Although the existence of a heterogeneous set of barriers provides an interesting twist to conventional enzyme models, it does not change the basic physics of enzyme catalysis. That is, the lowest barriers for the chemical step still determine the average rate and these barriers are determined by the corresponding reorganization energy (see below and SI Text). In other words, as long as the barriers between the different configurations in the ground state are lower than the chemical barrier, the solution of the multistate rate equation will follow the trend dictated by the lowest activation barriers. Of course, if the chemical barriers are very low (in the range of few k_BT, where k_B is the Boltzmann constant and T is the temperature), we will have diffusive type kinetics. However, the chemical barriers in most enzymes are >10 kcal/mol (the diffusion limit) and thus are likely to determine the overall rate. Although the reactant state energy could conceivably be higher in the native region (region I) than in region II (resulting in higher k_cat/K_M values for region II), the binding free energy is largest (more negative ΔG_bind) in the native region for CM as was found in the preliminary analysis based on the treatment of Fig. S4 (see SI Text). The same conclusion emerged from studies of DNA polymerase (4), and probably applies to most enzymes. As a consequence, regions with the lowest k_cat will generally have the largest contribution to catalysis (see SI Text). In this context, the small increase in k_cat/K_M relative to k_cat observed in region II for the monomer (Table S2) is interesting and probably caused by entropic effects.
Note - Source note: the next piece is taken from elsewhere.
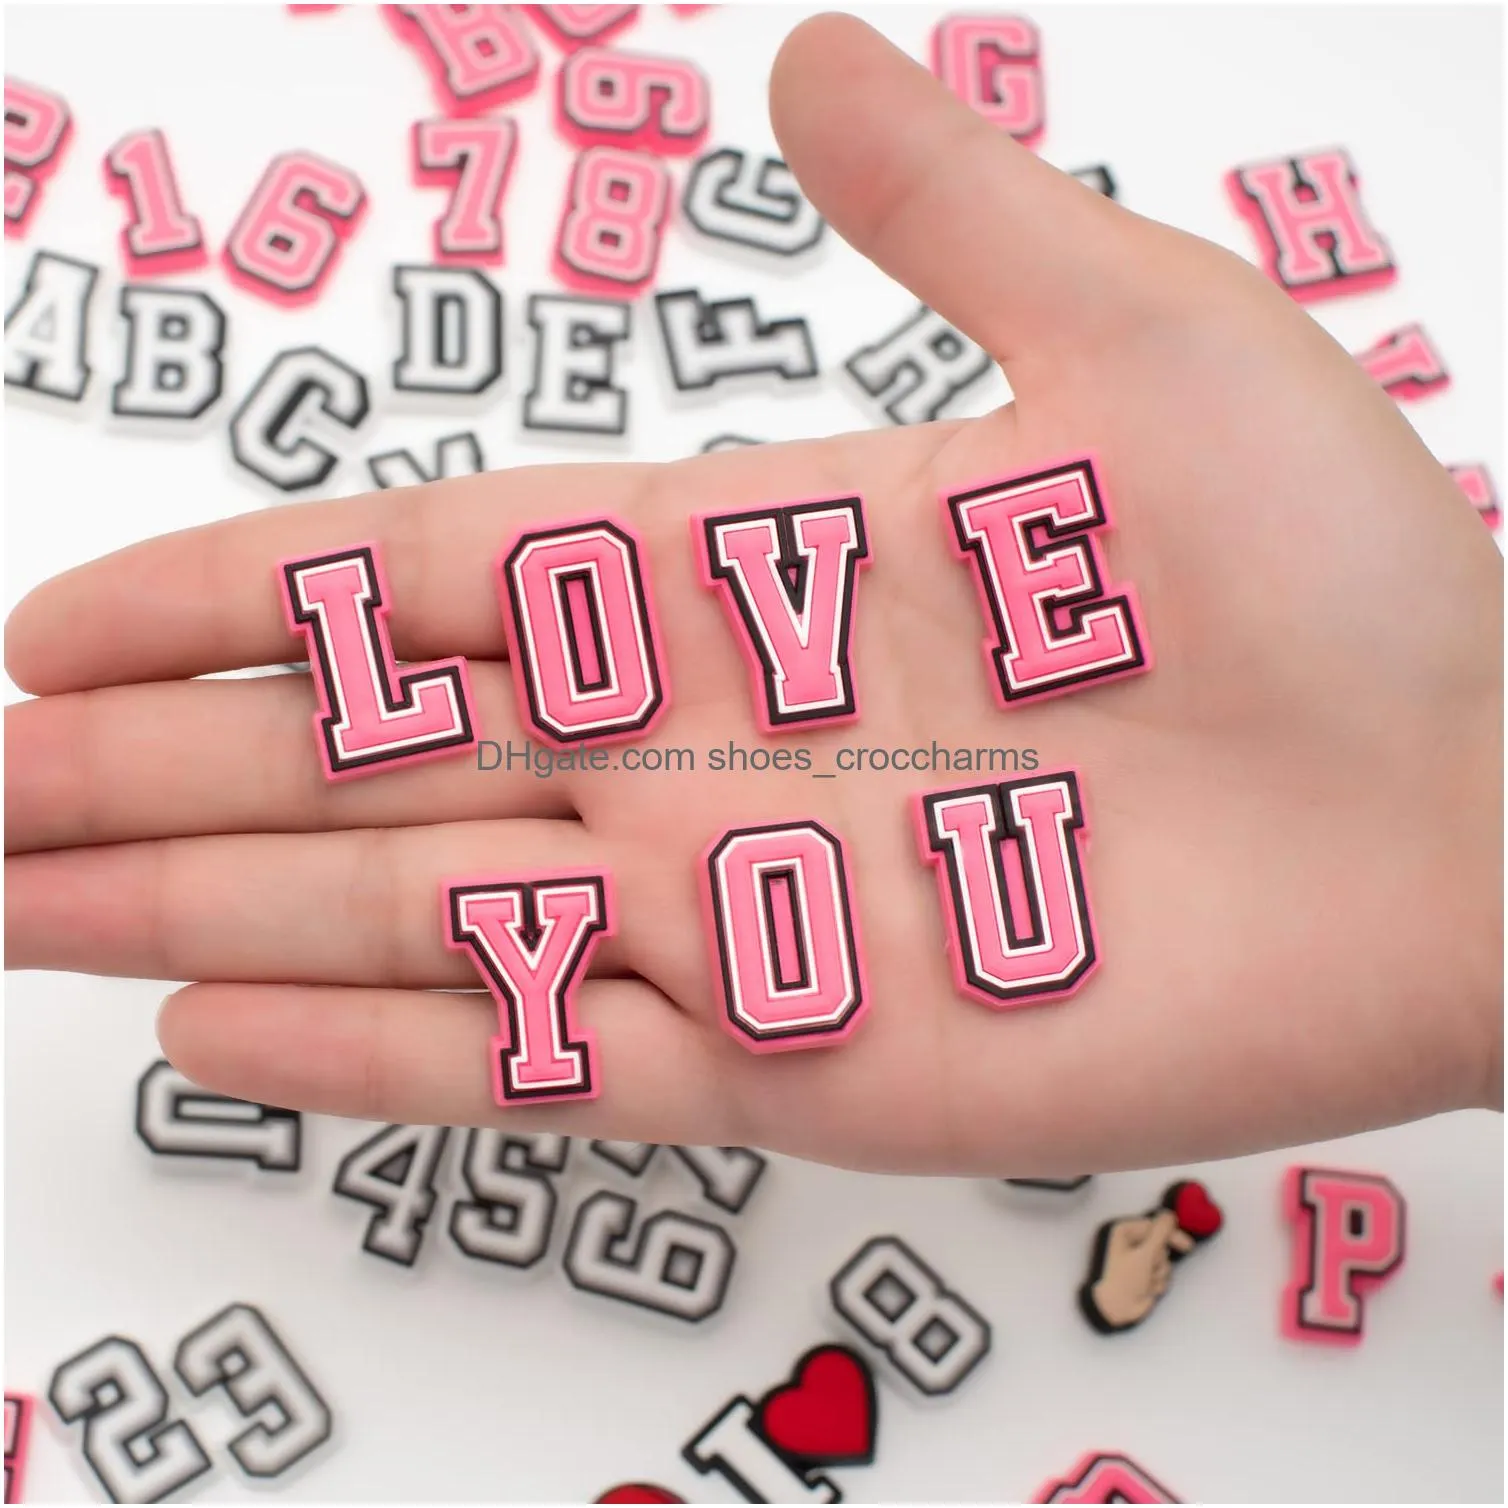 Croc Pink Croc Charms PVC Letter Pack For Shoes, Clogs, Sandals, And  Bracelets Stylish Wristband Decoration For Teens, Boys, Girls, Men, Women,  Otszp From Dhfycharms, $0.07
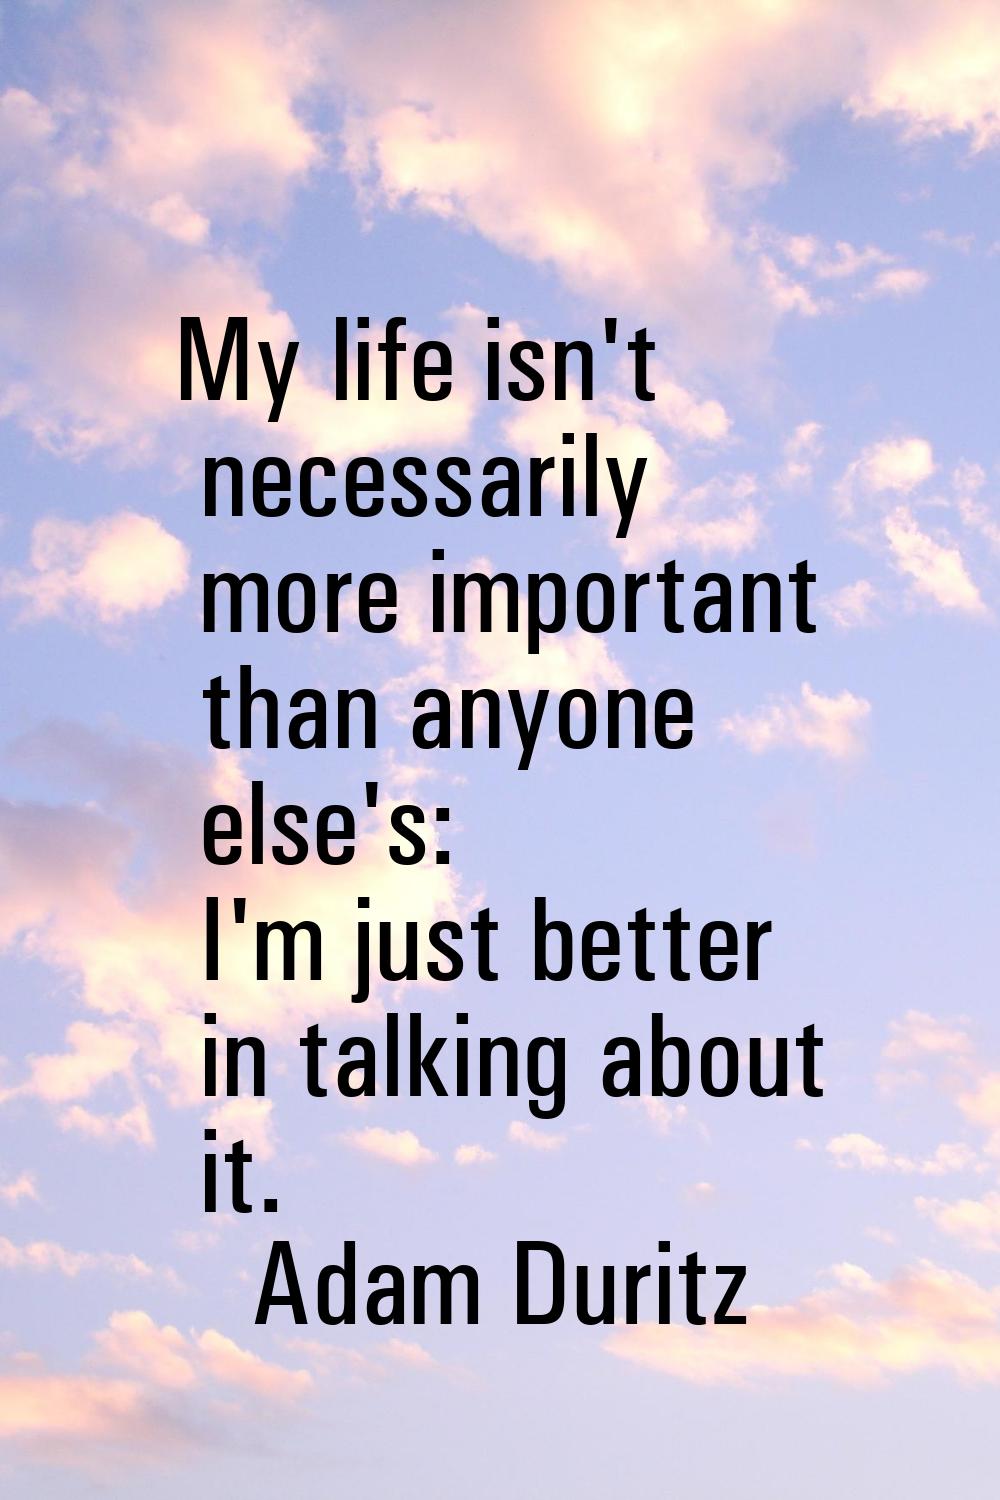 My life isn't necessarily more important than anyone else's: I'm just better in talking about it.

The finding of a shallow folding landscape might be considered as support for the idea that coupled motions contribute to catalysis (ref. 16 and references therein). However, as argued in our recent papers (2, 17), all reactions involve coupled motions, and properly preorganized active sites have in fact evolved to minimize motions along the reaction coordinate rather than to maximize them. To further explore this point, we calculated the coordinate vectors for the conformational change along the folding coordinate (from a partially unfolded to a folded structure) and the chemical reaction coordinate (evaluated between the reactant and product EVB states). The two multidimensional vectors calculated for the monomer are illustrated in Fig. S3. As seen in Fig. S3, the two vectors are nearly perpendicular when the conformational motion is defined by the vector that takes the system from the native structure to a partially unfolded structure with Rg ≈15 Å and %CO ≈20 (Fig. S3a). The situation is somewhat different when the protein is almost completely folded (Fig. S3b), indicating that the folding coordinate is not strongly coupled to the chemical reaction coordinate at regions far from the native structure. This finding is also relevant to the idea that motions in the landscape of the monomer constitute dynamical contributions to catalysis. That is, although there are motions on the millisecond time scale in the monomer [the rate constant for conversion of the initial encounter complex between mMjCM and the TSA to give the high affinity complex, k₂ = 5.4 s⁻¹ (10), is similar in magnitude to the turnover number for catalysis, k_cat = 3.2 s⁻¹], it is hard to see how these motions might be coupled dynamically to the chemical step (8, 17).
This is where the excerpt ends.